Xi Jinping’s warm words welcome but will they survive cold light of day?
What to make of Xi Jinping’s latest burst of televised diplomacy?
China’s supreme leader has some good advice.
“Action speaks louder than words,” he told the UN secretary-general in May.
It’s a useful framework when Beijing switches the rhetorical dial from might-is-right to “building a shared future”, as Xi did in his video address to the APEC CEO Summit on Thursday.
There was plenty for an Australian audience to roll its eyes at.
“China will continue to practice true multilateralism, uphold the WTO-centred multilateral trading system … and promote the building of an open world economy,” Xi said.
Australia has had an almost two-year long masterclass in how hollow those words are. Exports previously worth more than $20bn a year remain black-listed by Beijing for political reasons.
It is why there is such wariness in Canberra about Xi’s bid to join the Comprehensive and Progressive Agreement for Trans-Pacific Partnership, which China’s leader spruiked again in his speech.
While Xi might not be very convincing to an Australian audience, we should pay attention to his tone. Aside from an indirect swipe at the Quad and AUKUS – “small circles”, in Xi’s phrase – China’s leader was determined to present his sunniest face.
His delivery was accompanied by some actions we should also be watching very closely.
China’s joint agreement with the US at the end of the COP26 summit in Glasgow gave the passage in Xi’s speech on climate change a jolt of credibility.
Of course, what China does is what matters, but the agreement indicates the world’s most important bilateral relationship is not entirely dysfunctional.

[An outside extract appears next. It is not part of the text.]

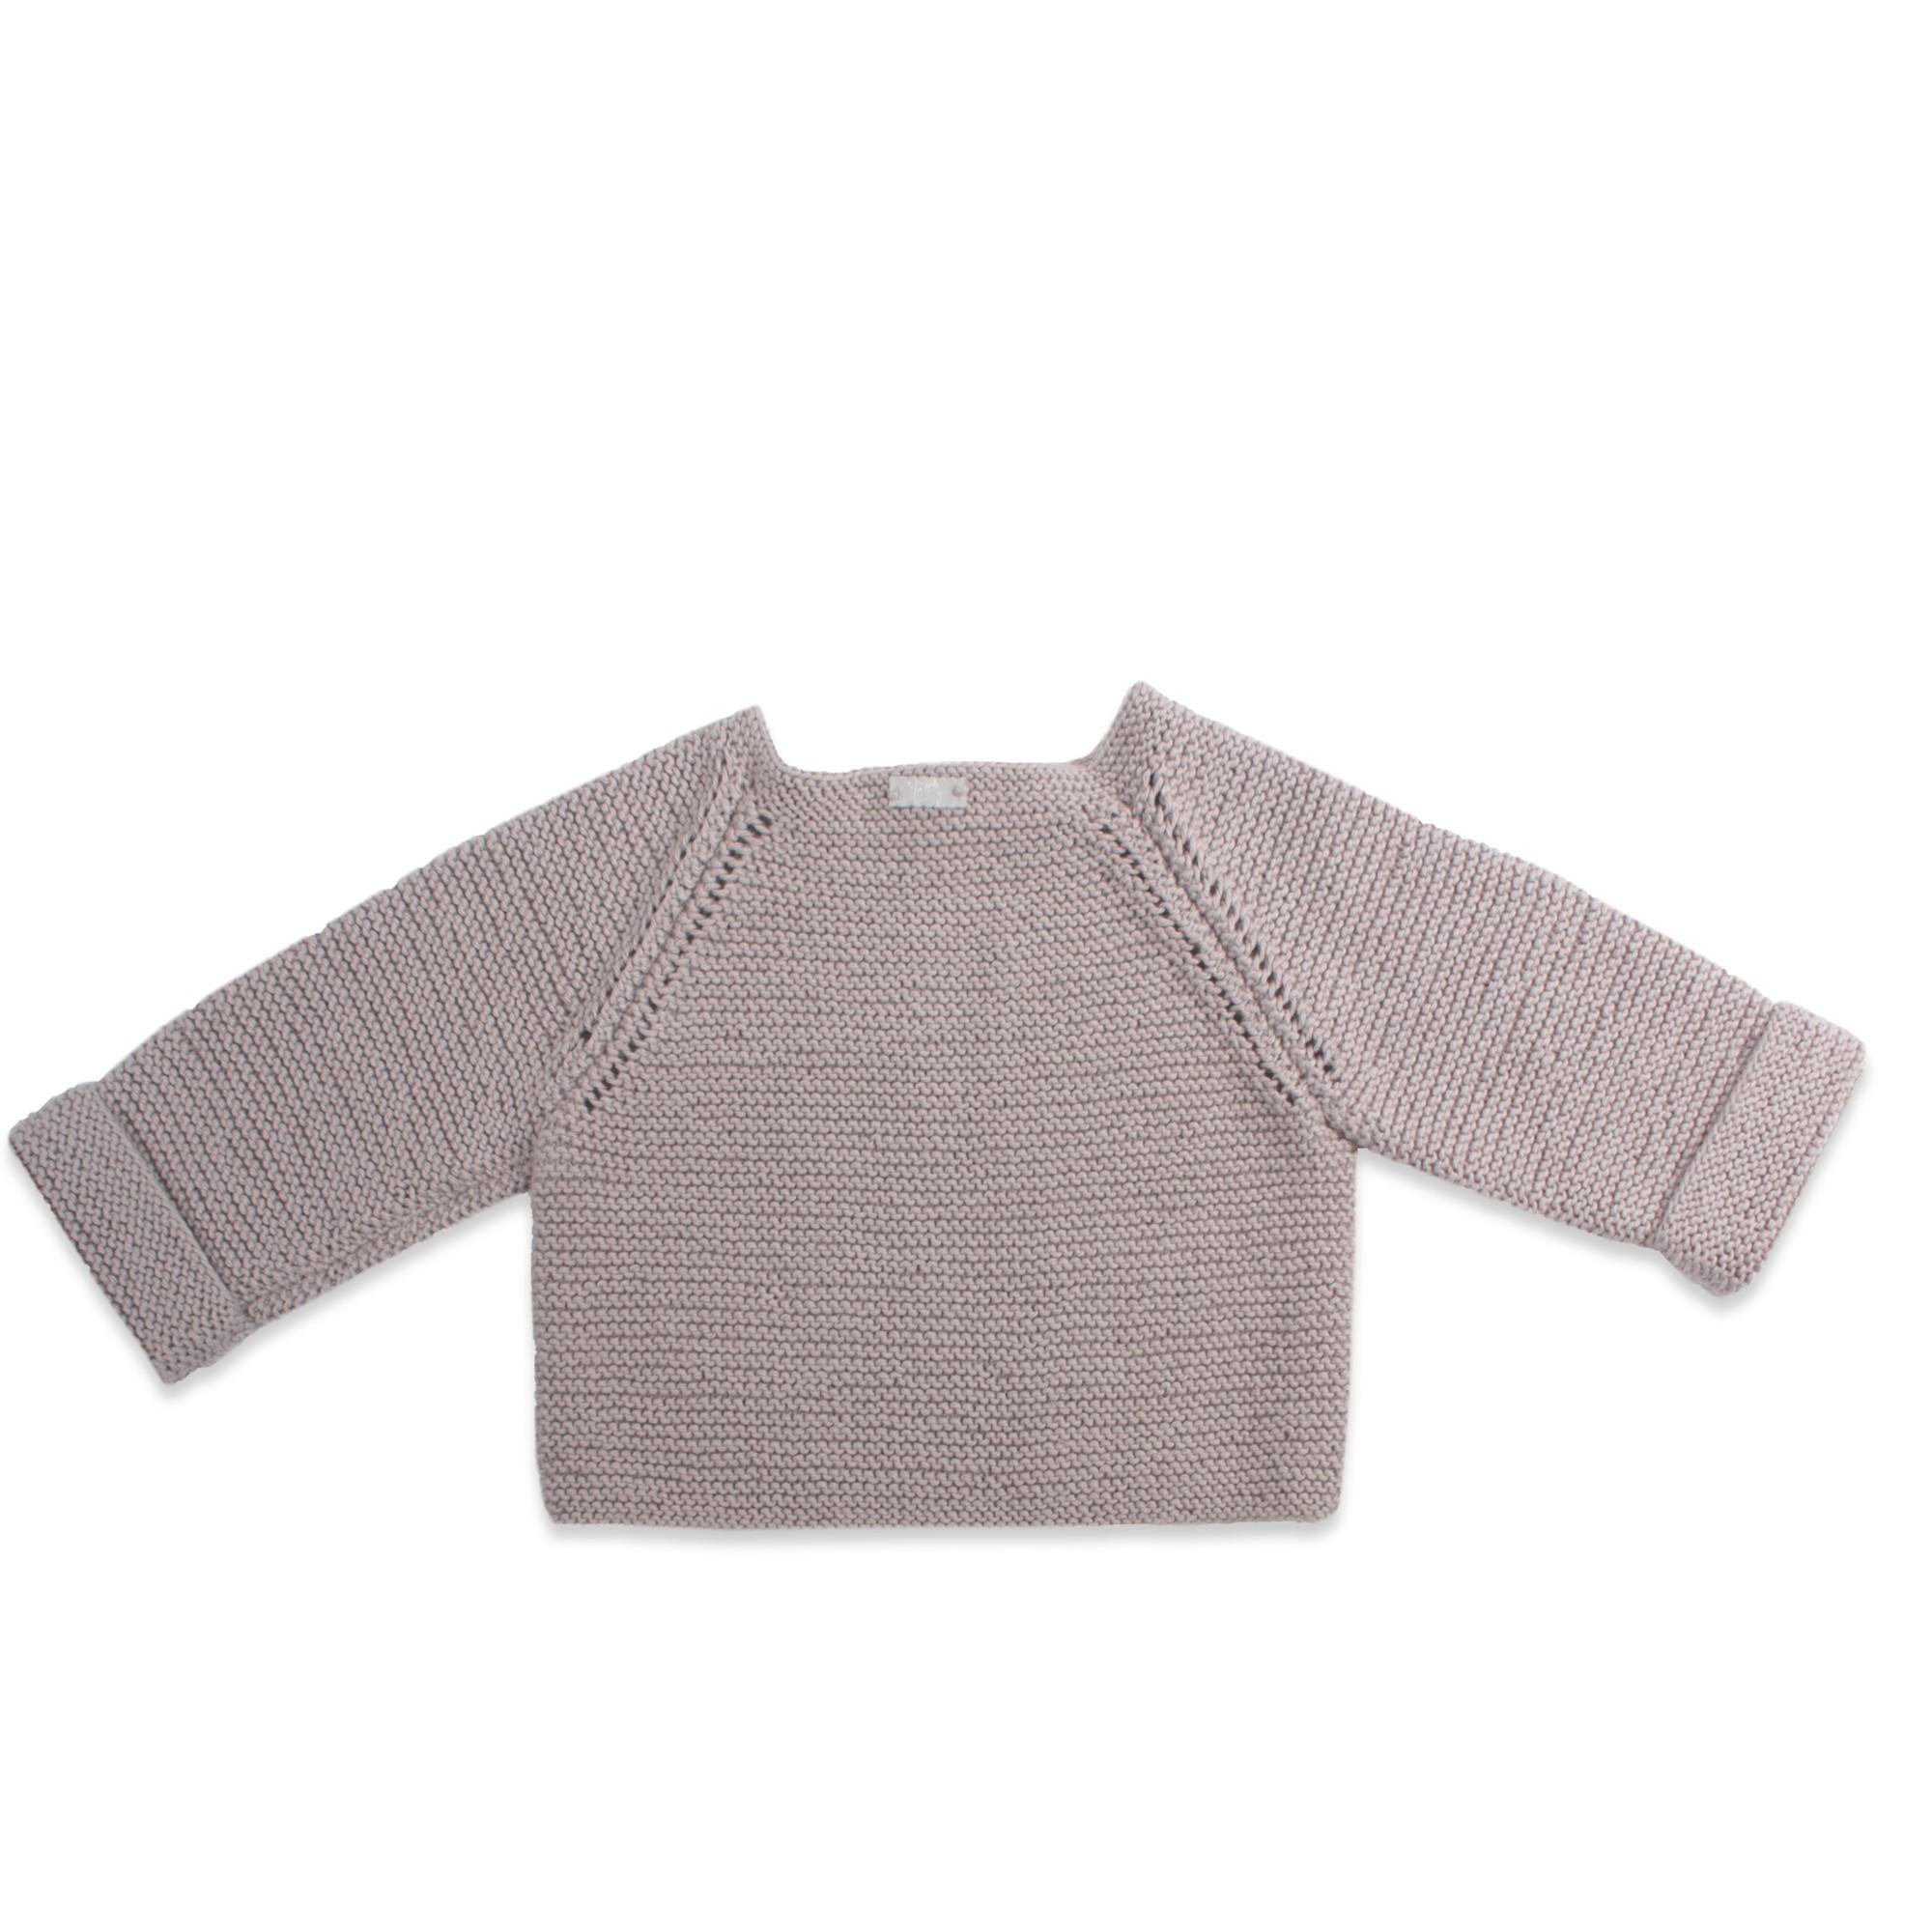 gilet fille et bébé tricoté main point mousse gris clair raglan et bouton bois

Next week comes another significant action. Xi is set to meet US President Joe Biden for their long-heralded virtual summit.
Of course, it won’t end the fierce competition between the two great powers. It might, however, slightly lower the temperature of their systemic competition.

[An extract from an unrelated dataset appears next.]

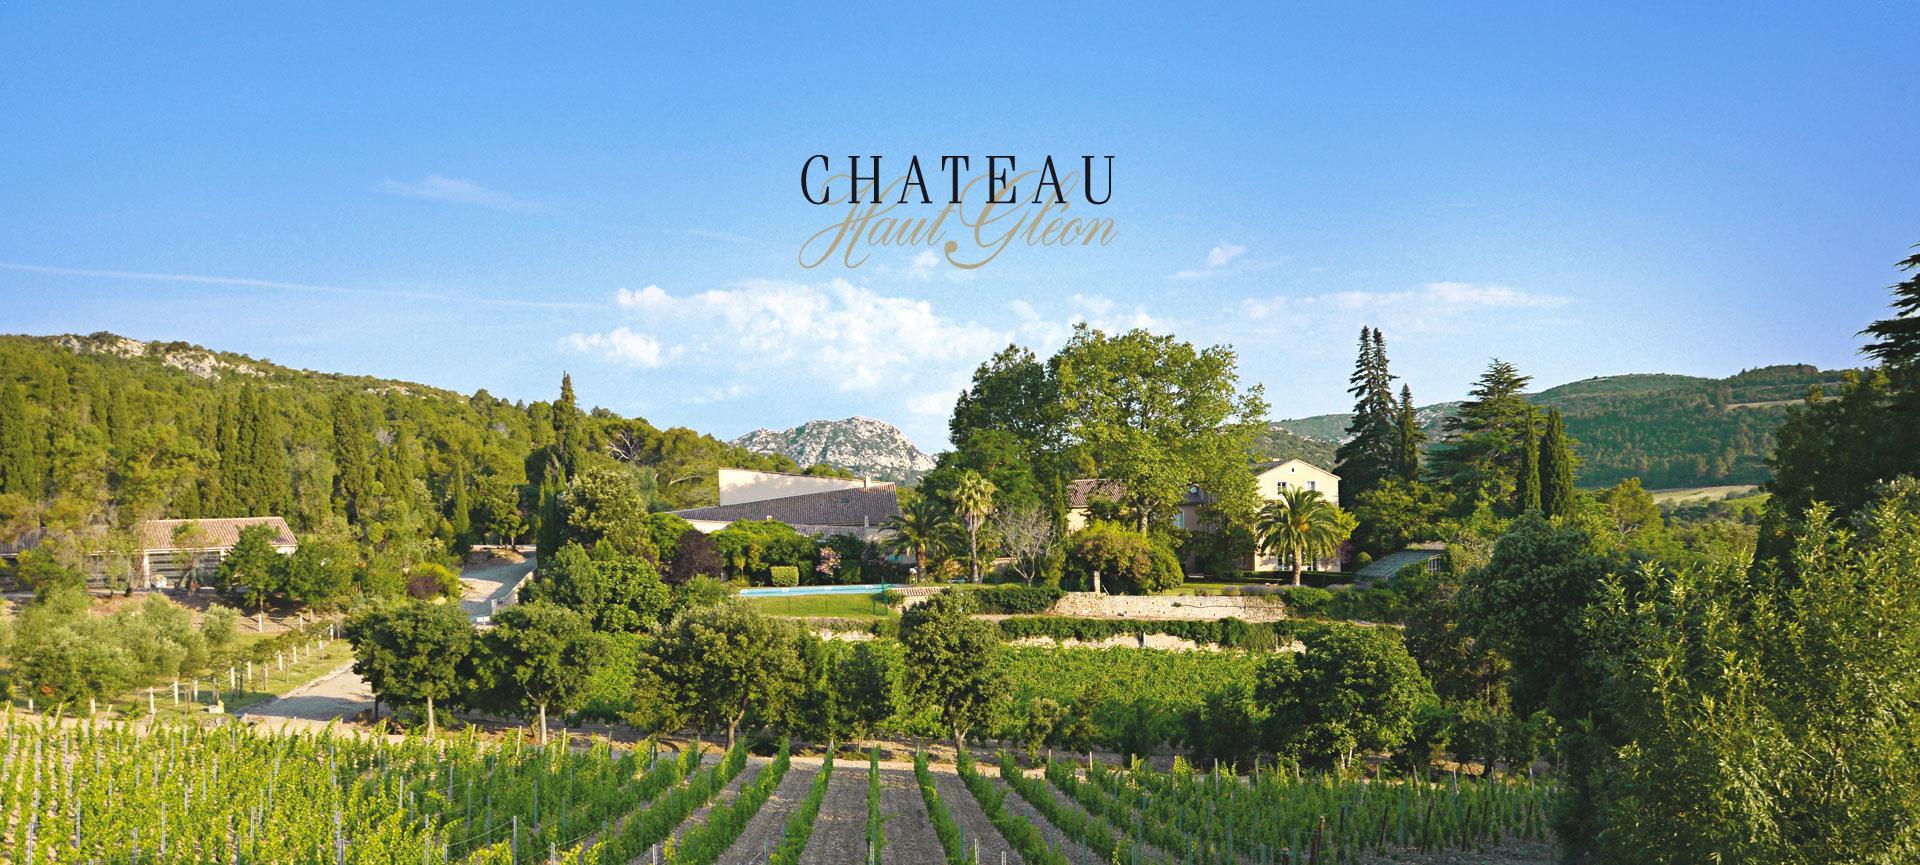 Château Haut Gléon: Languedoc wine with AOC Corbières, AOP Corbières IGP Vallée-du-paradis and IGP Pays d'Oc denominations in Durban.

To that end, Biden’s national security adviser, Jake Sullivan – days before his Lowy Institute address on Thursday – assured Beijing “a fundamental transformation of the Chinese system” was not a US policy goal.
The China Daily, a party mouthpiece, welcomed those remarks, saying they gave “significant assurance to Beijing, which has long suspected Washington has a hidden agenda to seek regime change in China”.
Xi also wrote a warm letter to Biden, which was widely republished in China’s state media on Thursday. In his note, he said China-US ties were “at a critical historical juncture” and offered his counterpart “mutual respect, peaceful co-existence and win-win co-operation”.
Lovely words, just like much of his APEC speech. But let’s see what actions he takes.